In the example we’ll be using the \(X\sim P(5)\).

So, if we consider to plot the subset of the support [4, 5, 6, 7, 8, 9, 10, 11, 12], we are truncating both the left and right tails. When we initialize our Poisson using the supported truncated to the left and right, we’ll get a warning based on the max_tol set with default 1e-12. Hence in this case, we are using

support=[4, 5, 6, 7, 8, 9]

prob=[0.4404932851, 0.6159606548, 0.762183463, 0.8666283259, 0.9319063653, 0.9681719427].

So, we should initialize our random variable stating that the left and right tail are incomplete and we are using the cumulative probabilities. We’ll get a warning due to the truncation above the maximum tolerance set: WARNING:root:The error of the sum of the probabilities exceeds the maximum tolerance allowed for the error. So, you should consider to mark at least one of the tails as incomplete. The error is 0.03182805730620486 with a tolerance of 1e-12. The error is due to the difference \(1-P(X\leq 12)=3.18281\%.\)

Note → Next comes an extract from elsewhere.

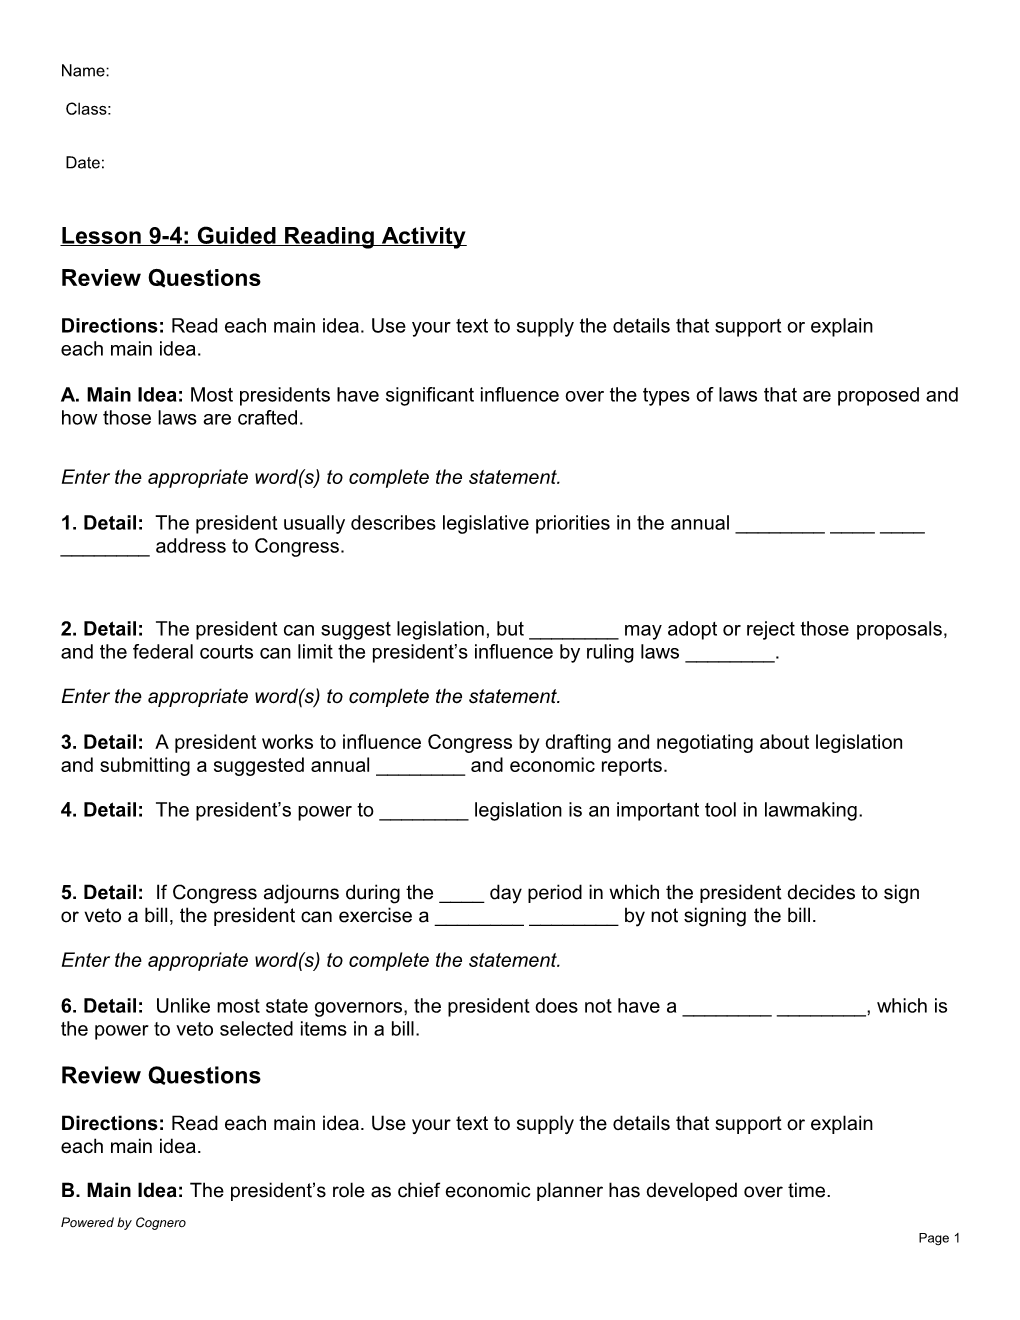 Lesson 9-4: Guided Reading Activity

poisson = plot.RV(support, prob, is_pmf=False, complete_left=False, complete_right=False)

Plot the cumulative distribution function

poisson.plot_cdf()
cumulative distribution function for the Poisson

the plot, by default, marks the truncated tails with red dashed lines.

Plot the probability mass function

poisson.plot_pmf()
probability mass function for the Poisson

the plot, by default, marks the truncated tails with red dashed lines. Note that, in this case, the plotted probability of the smallest mass point is plotted incorrectly, since we passed a truncated cumulative distribution function and we don’t have way of determining \(P(X=4)\).

Plot the percentile (quantile) function

poisson.plot_quantile()
percentile function for the Poisson

the plot, by default, marks the truncated tails with red dashed lines.